# Meanwhile, in the rest of this world...



## semi-ambivalent (Oct 12, 2019)

Seen in this article








						Why macOS Catalina is breaking so many apps, and what to do about it
					

It’s a new age for Apple software, but that means being prepared for what might go wrong




					www.theverge.com
				



about bumps in the road for updating to MacOS Catalina:

"The same is not true for the Mac, which as a much more open platform..."

Thank goodness for relativism. Everywhere, Journalism takes a breather.


----------



## yuripv (Oct 12, 2019)

Users are never happy.  Microsoft keeping all kinds of old stuff: "Oh just look at that, 90's technologies, that OS is ugly"; Apple removing 32bit support: "Hey, you broke my legacy apps!". If you want to hate on something, there IS always a reason


----------



## Phishfry (Oct 12, 2019)

What pisses me off is that so many people think 32 bit hardware is so old.
Guess what Z2580 was released by Intel in late 2013.








						Products formerly Cloverview
					

Products formerly Cloverview product listing with links to detailed product features and specifications.




					ark.intel.com
				



So many people seem ignorant because they assume 32bit Arch is dead.
I used this argument in HN comments.
So Fedora and Ubuntu ditched support on a 6 year old CPU.
Shame on them and all the others who assume wrong.


----------



## Hakaba (Oct 12, 2019)

Phishfry said:


> What pisses me off is that so many people think 32 bit hardware is so old.

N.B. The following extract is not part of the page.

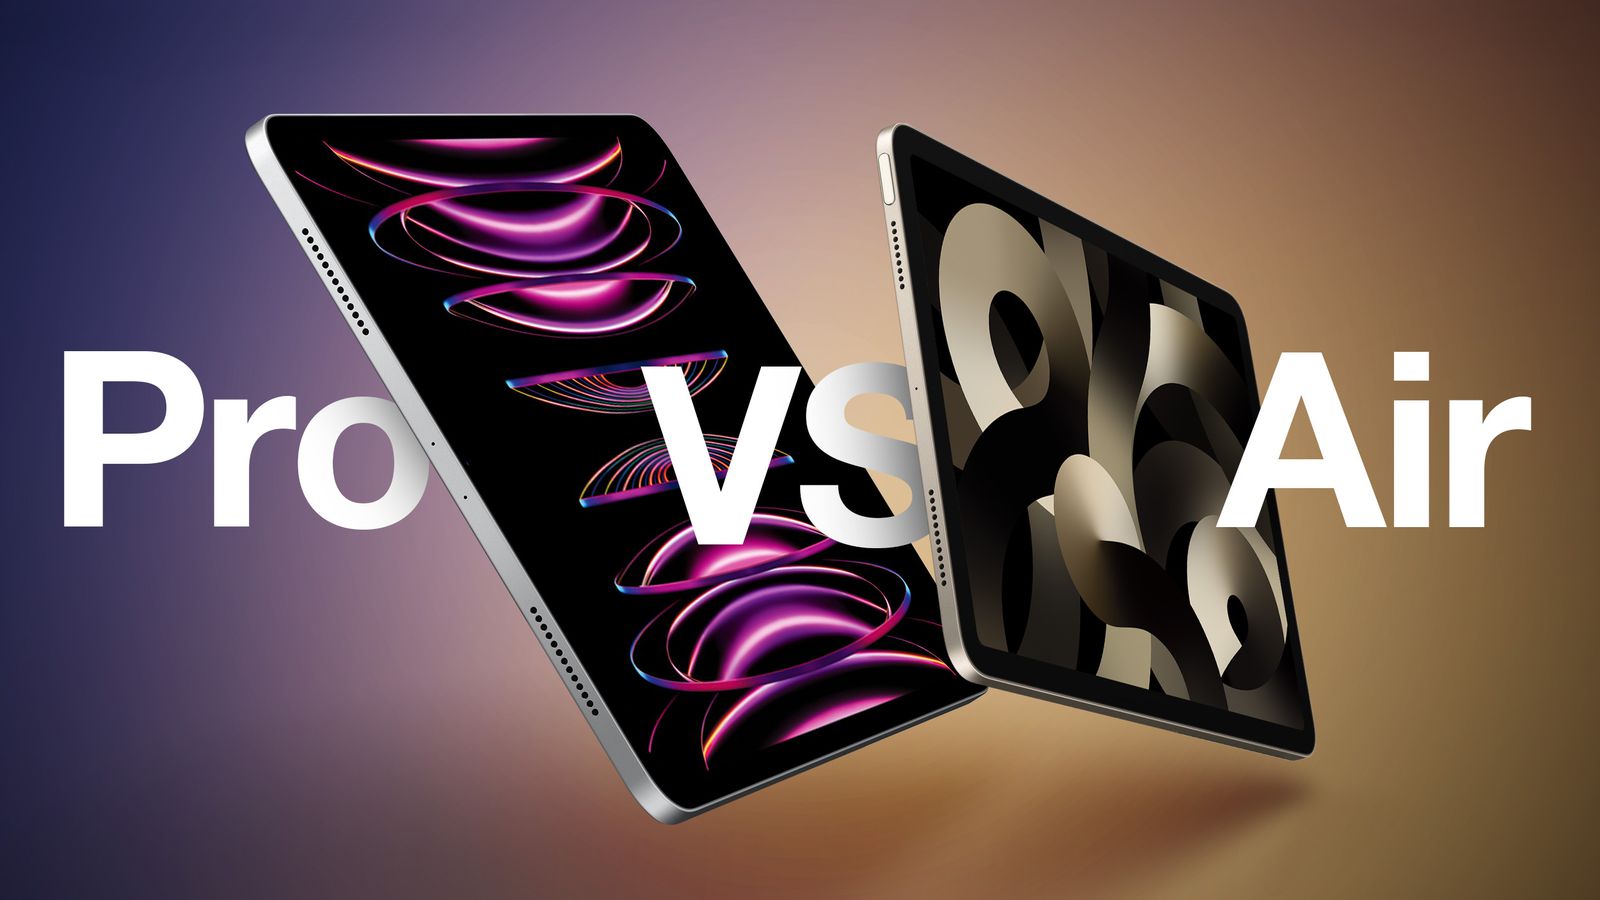 iPad 10 vs 9 vs iPad Air: How the lineup compares - 9to5Mac

But Apple let you install Mac OS X only on mac hardware by licence.
The last 32bit mac is probably the core duo Mac mini (not sure) and this hardward don't support current OS X version.
So the breaking point is only for old software.


----------



## Phishfry (Oct 12, 2019)

Yes Gen1 MiniMac used 32 bit. That was from 2009.
I understand that Apple do not want you to access your files to push you into the cloud.
Lack of a usable USB port on many Apple products seemed ominous to me.
Would the Hackentosh community exist if Apple sold their OSX outright?
Look on craigslist and you will find many working old Macs with elCapitan and older because Apple dropped support.
Some with a nice 24" display.
Premium hardware discontinued to make you buy newer overpriced gear.
I haven't owned Apple since Mac SE.


----------



## Hakaba (Oct 12, 2019)

I have a macbook pro core duo (still working). But I replace my macbook pro 2013 with a PC laptop. (Working tool)
This laptop work in Xubuntu as I failed when I try to install freeBSD (and TrueOS) on it.
For me, Ubuntu is not better than OS X in upgrading policy...


----------



## CraigHB (Oct 12, 2019)

Apple does seem to forge ahead abandoning old tech in its wake.  For example my friend recently bought a MacBook and it only has USB C ports.  My Windows laptop I bought recently has one C port and the rest A ports. Desktop motherboards you buy right now have a good number of A ports, but only one or two C ports. 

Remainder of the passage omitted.